52-week forecast shows what Washington Cafe can expect for labor demand over the next full year:

**Key Observations:**

1. **Seasonal Pattern Continues**: The SARIMAX model projects that the seasonal cycle will continue, with peaks and valleys occurring at the same intervals as in the historical data (every 52 weeks).
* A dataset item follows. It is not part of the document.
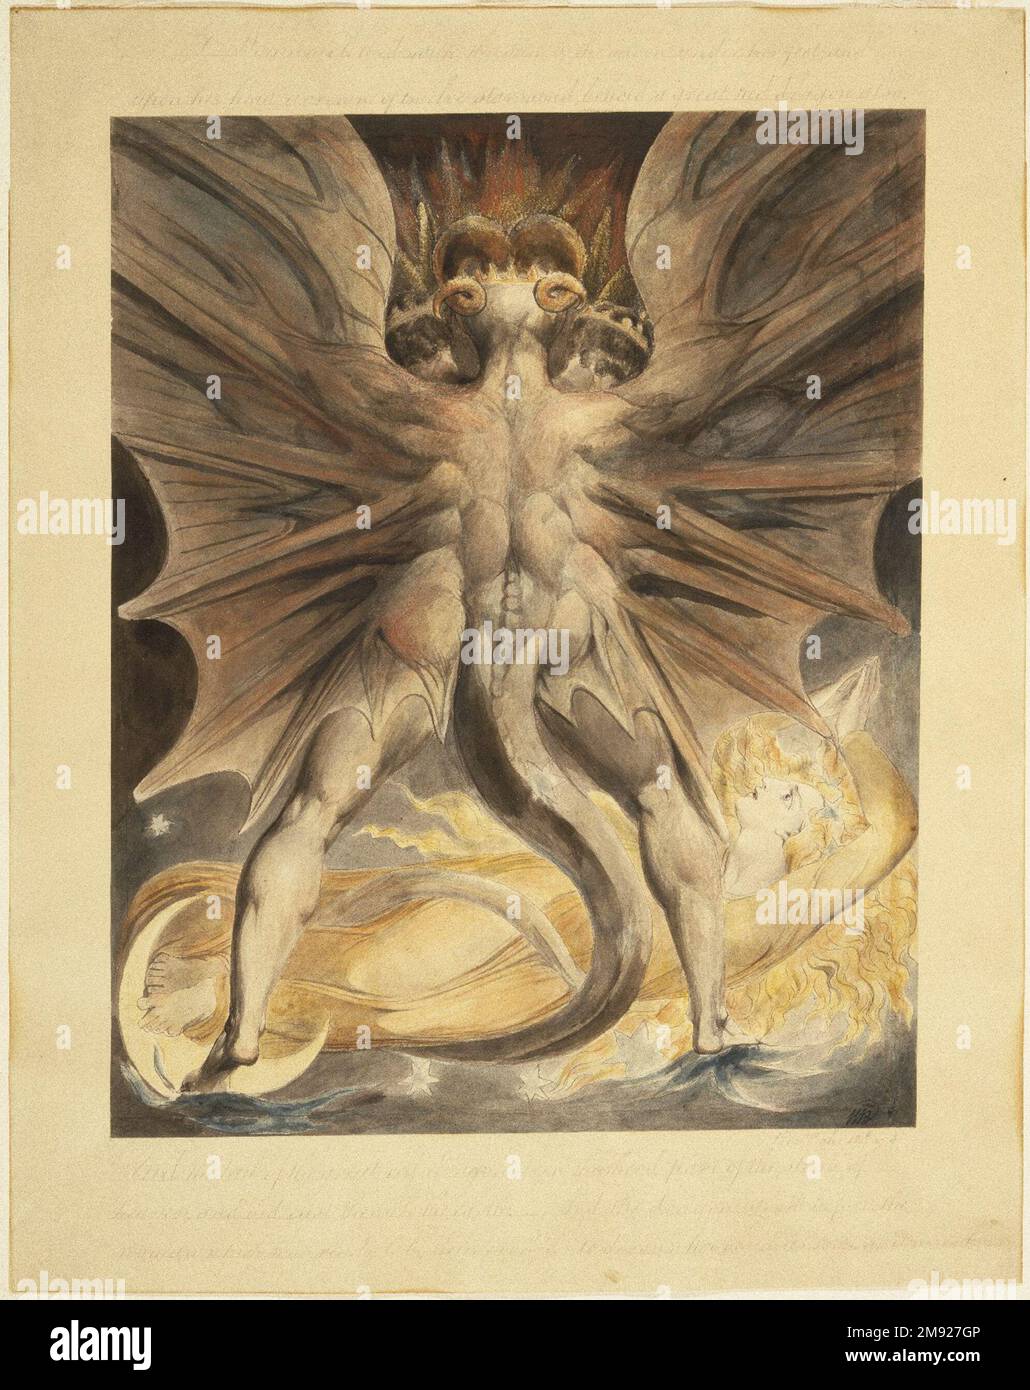 The Great Red Dragon and the Woman Clothed with the Sun (Rev. 12: 1-4) William Blake (British, 1757-1827). The Great Red Dragon and the Woman Clothed with the Sun (Rev. 12: 1-4), ca. 1803-1805. Black ink and watercolor over traces of graphite and incised lines on wove paper, Image: 17 3/16 x 13 11/16 in. (43.7 x 34.8 cm).  After the French Revolution, artists such as the printmaker, painter, and poet William Blake drew subject matter from the biblical book of Revelation to contemplate the tumult of their era. This watercolor refers to the appearance of “a great wonder in heaven, a woman clothe Stock Photo
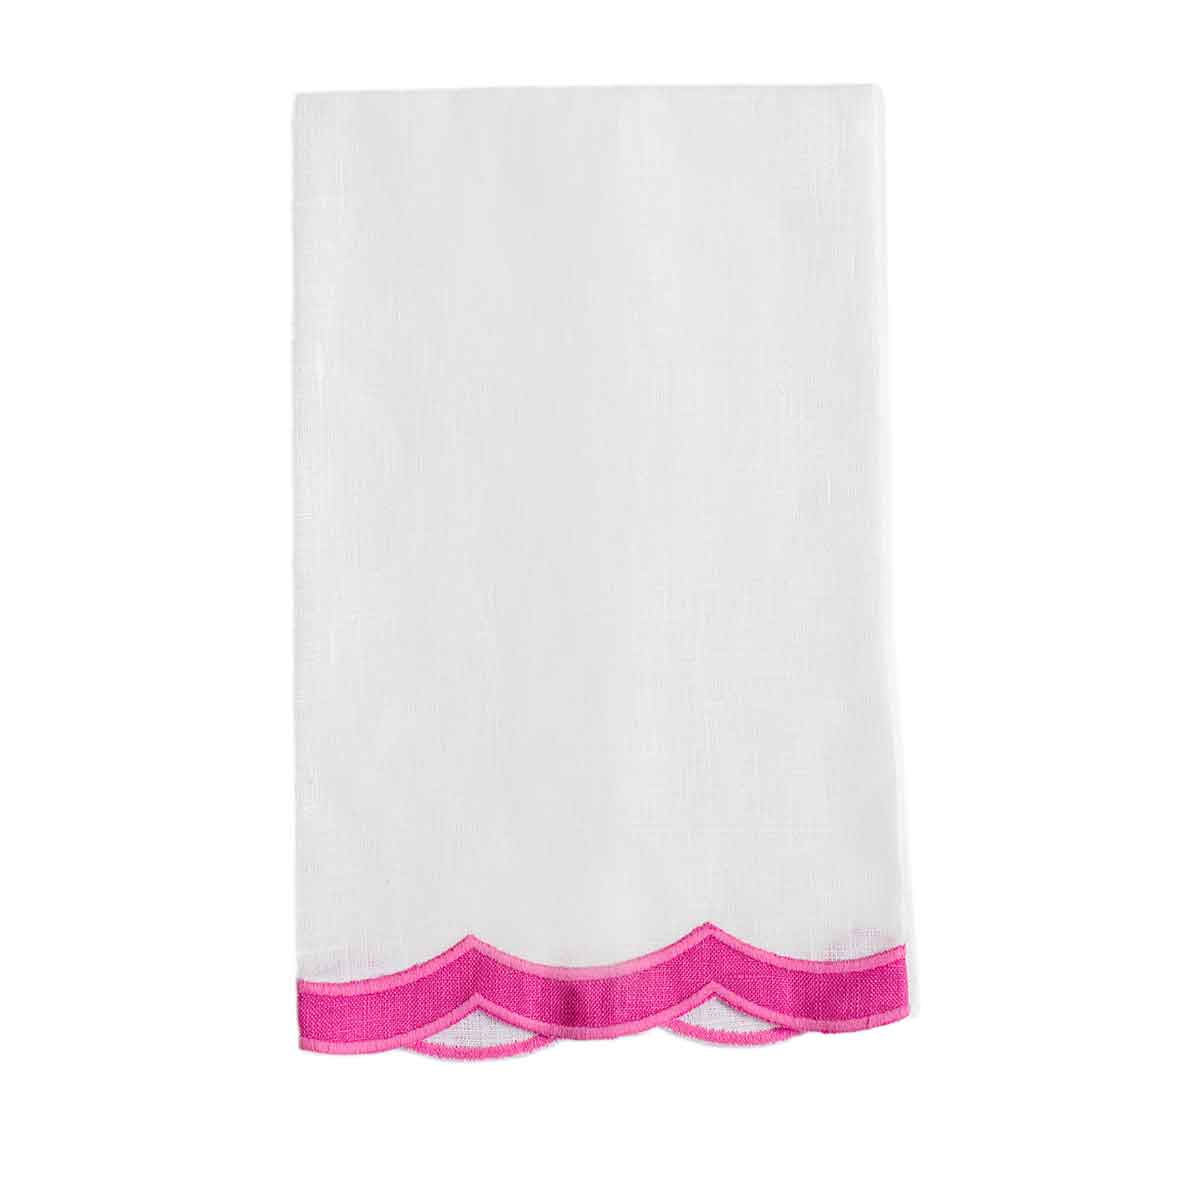 Double Happiness Guest Towel | Garden Folly Fine Linens - linen like hand towels, blank embroidery hand towels, guest hand towels linen

2. **Forecast Uncertainty**: The confidence interval (shaded area) widens as we move further into the future. This reflects increasing uncertainty as time goes on. The further out we go, the less certain we are with our forecast.

3. **Long-term Planning**: Despite the uncertainty, this forecast provides valuable insights for:
   - Annual budgeting for labor costs
   - Identifying high-demand periods throughout the year for staff hiring (aligned to expected cycles)
   - Planning major events or promotions during forecasted slow periods
   - Setting realistic growth targets

**Caution**: This forecast assumes the business will continue operating under similar conditions. Major changes (new menu, different hours, economic shifts, competitors) could invalidate these predictions. The model should be retrained regularly as new data becomes available.